En conservant un taux à 1,85 %, la pension liée à cette cotisation s’élèvera à 1 603 €/mois.
En tout, la pension de ce salarié serait alors de 2 795 €/mois.
Il perd tout de même 7,45 % de pension par rapport au système actuel.

En conservant la CRPN à 13 % pour les navigants, la baisse semble moins importante…

Attention, car il parait peu probable que le taux de pension de la CRPN reste à 1,85 %.

Pour maintenir l’équilibre du régime, il faudra probablement le revoir à la baisse.

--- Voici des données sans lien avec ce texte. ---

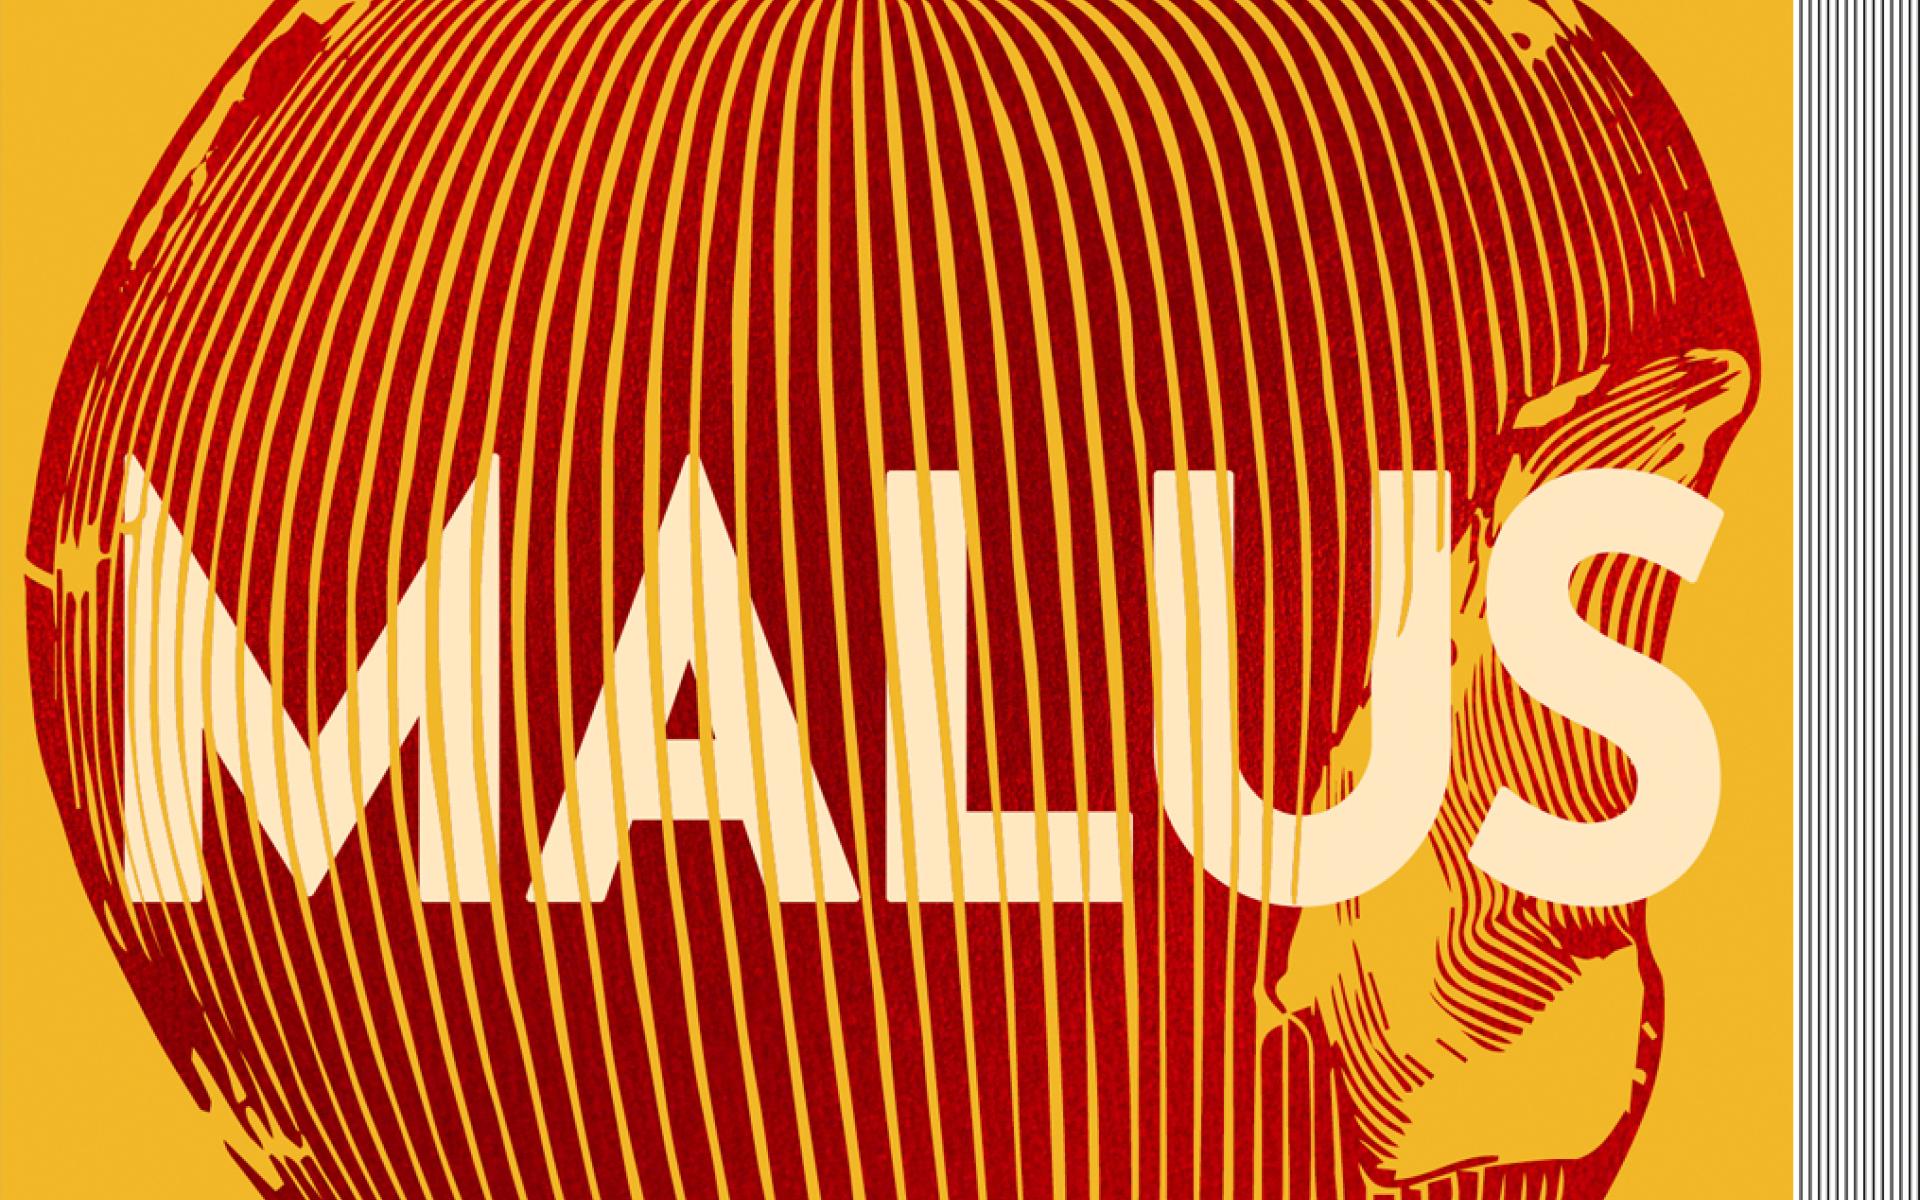 Cover Malus
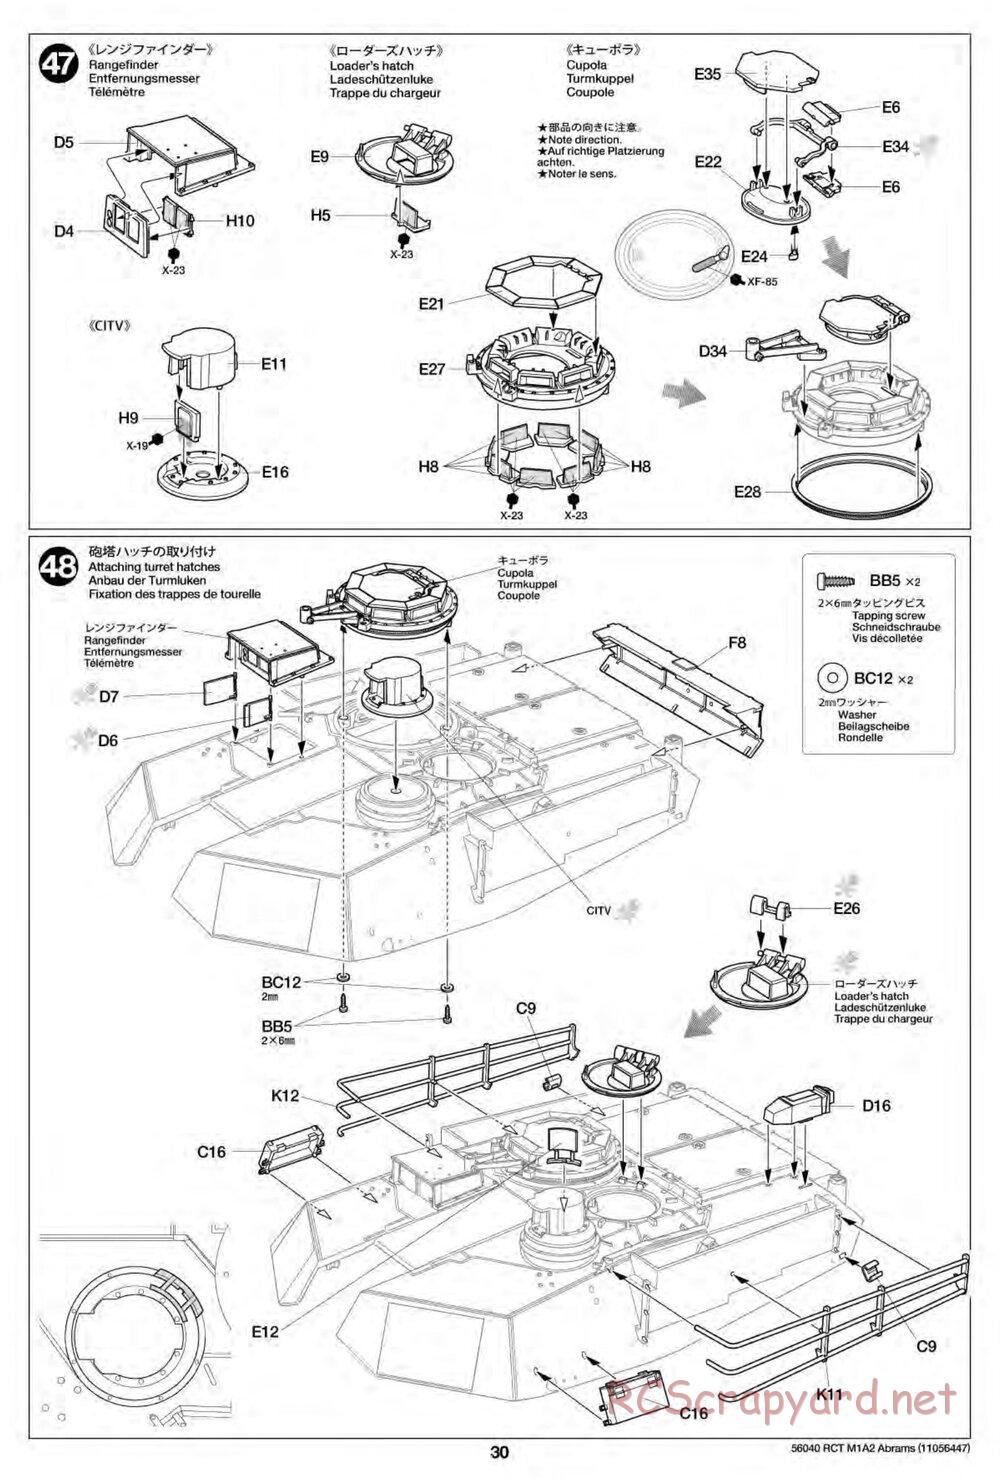 Tamiya - U.S. Main Battle Tank M1A2 Abrams - 1/16 Scale Chassis - Manual - Page 30

Selon mes estimations, un taux de 1,05 % pourrait permettre de conserver l’équilibre structurel du régime, mais dans ce cas, la pension globale mensuelle de notre salarié tombe à 2 102 €/mois. Il perd donc 36,86 % de sa pension par rapport au régime actuel.

Ce qui est considérable, mais ce n’est pas tout ce qu’il y a à perdre.

Qu’y a-t-il d’autre à perdre pour les personnels navigants ?

Prenons l’exemple précis d’un pilote de tracker (avion bombardier d'eau) mort en luttant contre un feu cet été 2019. Il avait 49 ans et était ancien pilote de chasse. Sa femme a 47 ans et 2 enfants.

Avec le système de la CRPN et ses particularités, on a d’abord calculé la retraite à taux plein de son défunt mari, puis sa veuve a pu bénéficier immédiatement de la réversion CRPN, soit 60 % de cette pension. De leur côté, les enfants percevront 12 % de réversion jusqu’à leur majorité ou jusqu’à la fin de leurs études.

Ce côté assurantiel est extrêmement important et il est totalement financé par le fonds pension de la CRPN. Comment le financerons-nous avec une baisse du montant des cotisations de 462 M€ à 283 M€ ?

Dans le système que Monsieur Delevoye nous présente, cette veuve devra attendre d’avoir 62 ans pour percevoir sa réversion. C’est dramatique.

Lorsqu’on leur expose ce cas de figure, les décideurs nous répondent que c’est de l’assurantiel. Traduisez : payez-vous une assurance à côté.

Que négociez-vous pour sauver le régime ?

Nous ne sommes pas contre un régime universel en points dans lequel 1 € cotisé donne droit aux mêmes acquis retraite.

Ce que nous défendons avec le Syndicat national du personnel navigant de l’aéronautique civile (SNPNAC), c’est la possibilité de maintenir ce régime universel de 0 à 1 PASS avec un taux de cotisation se situant entre 15 et 20 % et de permettre aux assurés de la CRPN de cotiser dans leur régime de retraite complémentaire à hauteur de 18 %, et au-delà d’un PASS, à hauteur de 23 %.

Cela nous permettrait de conserver nos particularités. Il restera à notre charge, la responsabilité d’adapter le taux CRPN, actuellement à 1,85 %, pour conserver l’équilibre financier de la caisse.